Зачем нужны были эти противопоставления: сибаритская роскошь, рядом со спартанским бытом? Зачем эти огромные траты на непомерно дорогие пустяки жизни? Павел и сам задавался этим вопросом. Быть может, эти предметы роскоши и отнюдь не необходимости, были компенсацией за лишения, пережитые в детстве? Ведь больше других тяготеют к роскоши те, кто был обделен любовью. А может, окружающее богатство поддерживало его самооценку? Но, разве так ее поддерживают. Павел объяснял эти антитезы тем, что среди изобилия и излишеств, истинные потребности человека смехотворно малы. Это действительно так, и это его развлекало. Контрастами обстановки он стимулировал работу ума.

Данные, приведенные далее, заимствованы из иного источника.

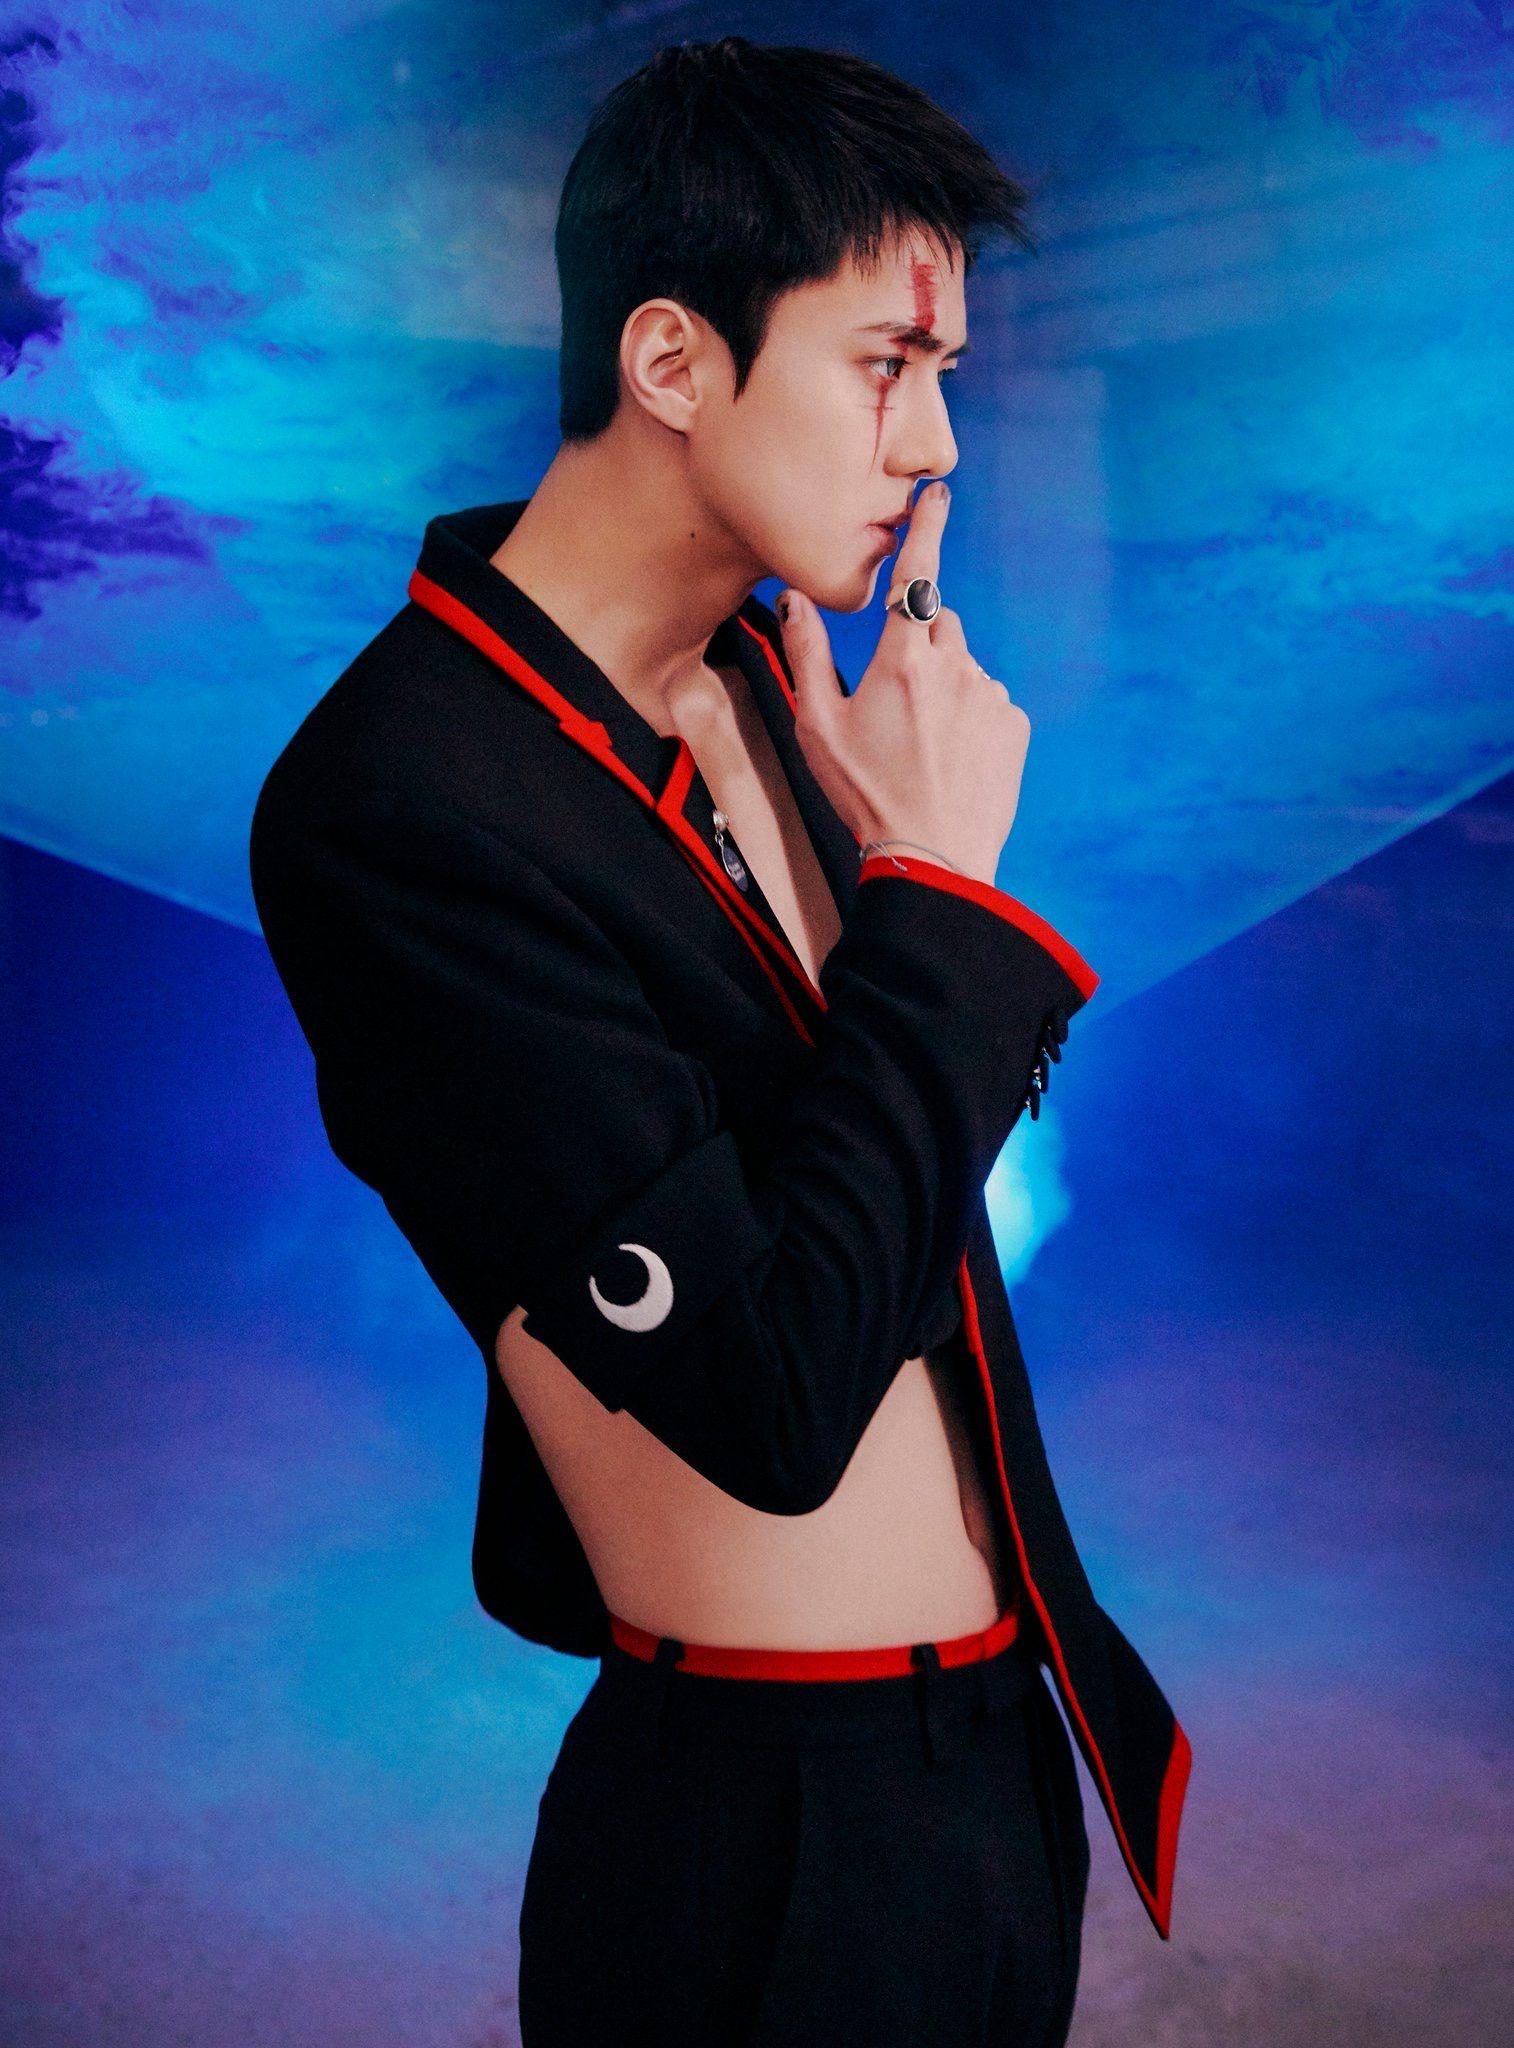 X-EXO 엑스-엑소 Concept Teaser Image #SEHUN   #exoobsession

Над стоящим у окна диваном крест-накрест висели два штыка от русской трехлинейки. Один штык был тоньше второго, его принес с Первой мировой дед Павла со стороны отца. За неделю до смерти он показал маленькому Павлику этот штык и рассказал его историю. На той далекой войне, о которой никто уже не помнит, деду пришлось побывать в рукопашном бою. Навстречу ему бежал «германец» с винтовкой наперевес и примкнутым штыком, похожим на длинный нож. Они быстро сближались, наметив друг друга для схватки. Не добежав несколько метров, германец не выдержал, вильнул, и бросился наутек. Дед долго гонялся за ним по полю, пока не загнал на околицу деревни. Бой шел где-то в стороне.